Para os personagens de “Hereditário”, as dores humanas reverberam como os sinos de uma catedral perdida em um deserto implacável, ecoando condenações eternas das quais poucos conseguem escapar. Ari Aster constrói seu filme como um caldeirão onde despeja ressentimentos ancestrais e tormentos familiares, cozinhando-os lentamente até extrair uma trama amarga e visceral. Antes de mergulhar na desintegração final, o diretor se dedica a um jogo tortuoso entre três gerações, tecendo uma narrativa que transcende o tempo de projeção e permanece dolorosa muito depois dos créditos. Com um ritmo alternando entre a agilidade e a introspecção, a obra nunca perde a cadência, mantendo o público em constante inquietação.
Aster domina a arte de capturar o olhar e subverter o suspense até que ele se converta em um terror físico e psicológico. Ele desafia não apenas os nervos, mas a própria resistência dos espectadores, superando as expectativas daqueles que se deixam enredar pela tela. Mesmo os céticos, que resistem até o limite, acabam ofuscados por silêncios perturbadores.

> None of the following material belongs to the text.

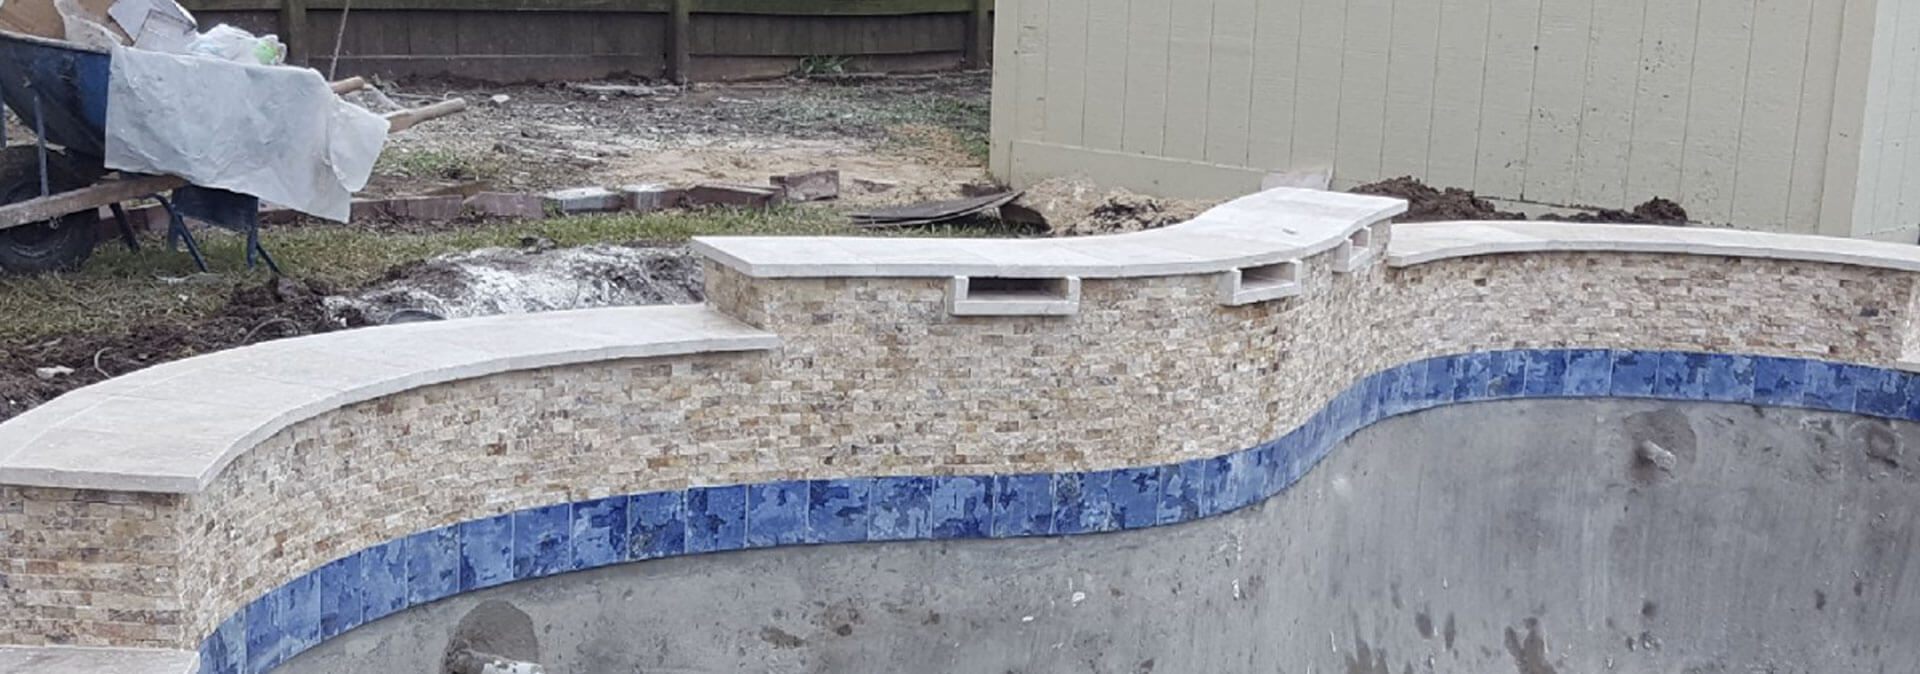 Pearland, TX concrete pool deck resurfacing

Embora o enredo original seja uma criação de Aster, a sensação é de estarmos diante de um conto perdido de Edgar Allan Poe ou do horror cósmico de H.P. Lovecraft. Há uma ênfase constante no imponderável, no inatingível pela razão. Já no prólogo, com um resumo lacônico sobre um fundo negro, Aster sintetiza a inevitável tragédia da existência humana. Sob uma análise superficial, “Hereditário” poderia ser confundido com uma manchete de jornal — um relato de horror familiar rapidamente abafado pelo cotidiano, mas suas camadas são muito mais profundas e inquietantes.

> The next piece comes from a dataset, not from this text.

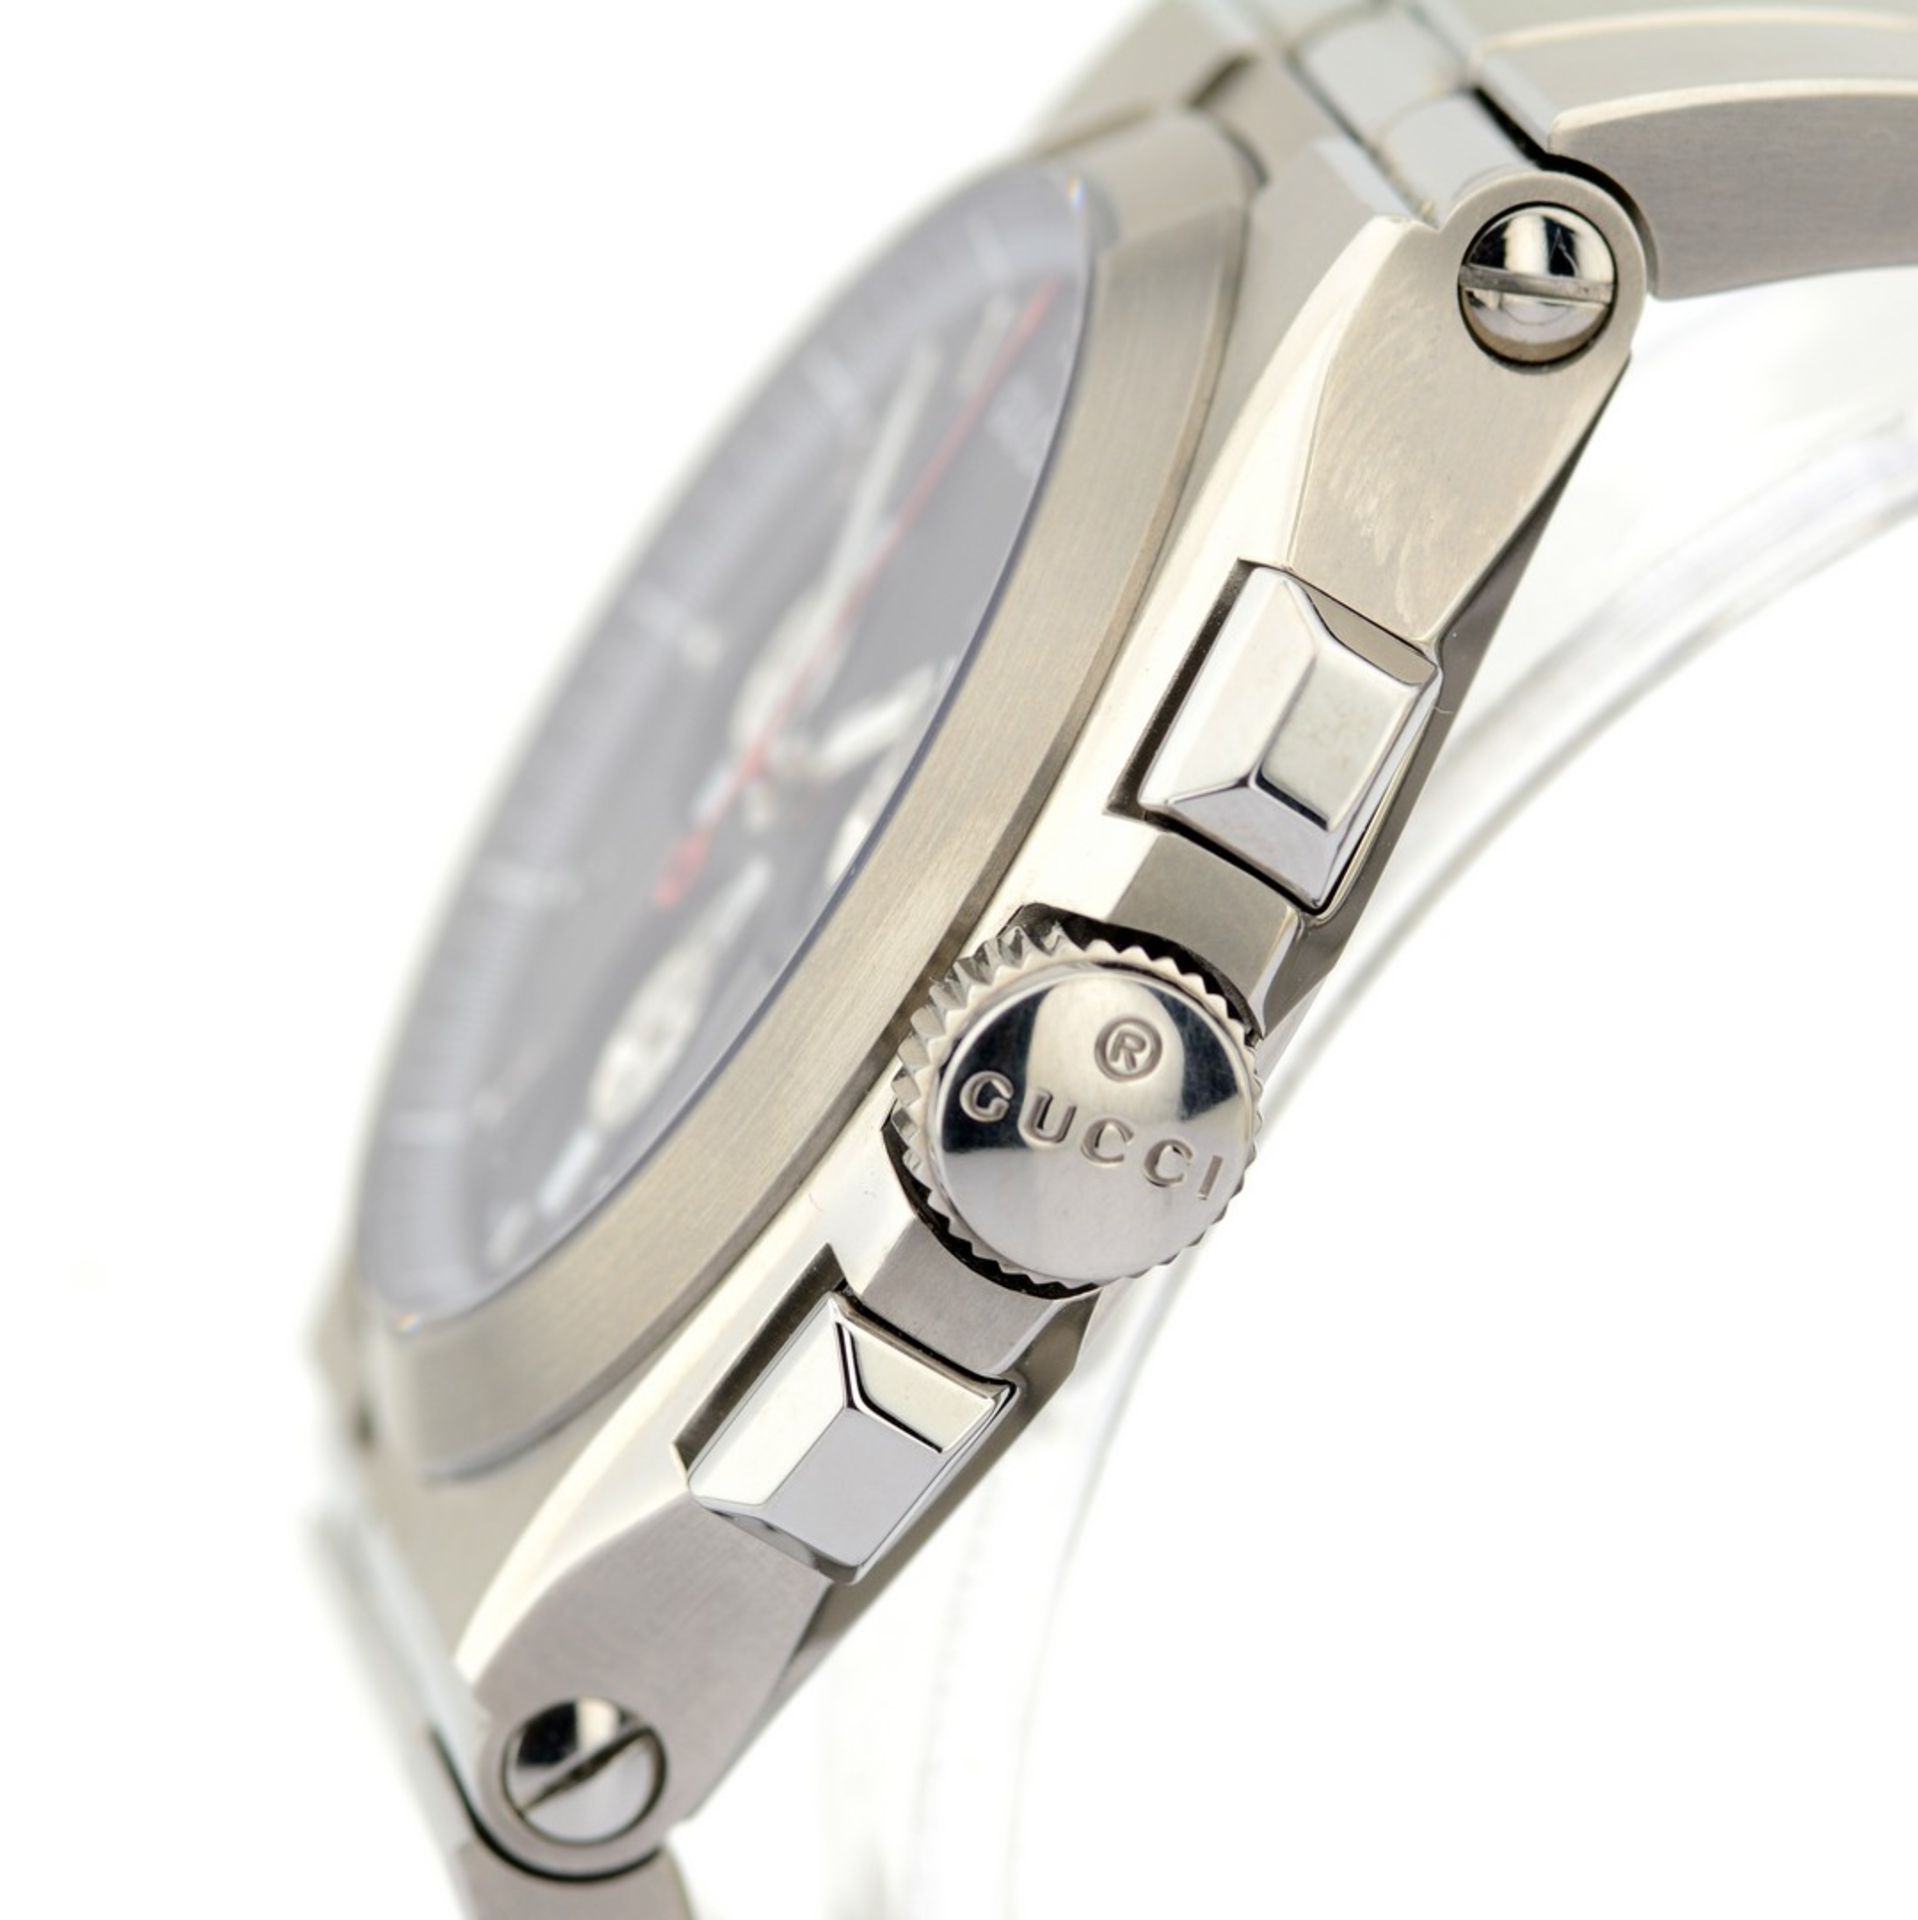 Gucci / Pantheon Automatic Chronograph - Gentlemen's Titanium Wristwatch - Image 8 of 12

O diretor, com maestria cruel, insinua suas intenções no primeiro ato, desmontando as aparências e expondo a podridão oculta sob a fachada dos Graham. A morte da matriarca desata o fio de uma narrativa sufocante, em que cada membro da família carrega a marca do infortúnio. Annie, vivida por Toni Collette, é uma mãe exausta e à beira do desespero, tentando em vão convencer-se de que ainda há felicidade em seu casamento com Steve, interpretado por Gabriel Byrne. A relação com os filhos — o angustiado Peter (Alex Wolff) e a enigmática Charlie (Milly Shapiro) — está envenenada por feridas invisíveis e irreparáveis.
Ao avançar para o terceiro ato, Aster tira o véu das pretensões familiares idealizadas. A grandiosidade do filme, até então latente, revela-se sem disfarces. A rotina conjugal, tantas vezes romantizada, transforma-se em um campo de batalha, especialmente após a chegada dos filhos. A atuação contida e hipnotizante de Alex Wolff no desfecho, encarnando um aspecto sombrio e demoníaco como Paimon, é o ápice de uma jornada marcada por loucura e tragédia. Mas a verdadeira fonte do horror não reside apenas no sobrenatural — está, sobretudo, nas fissuras dos vínculos humanos, corroídos por segredos, culpa e desespero.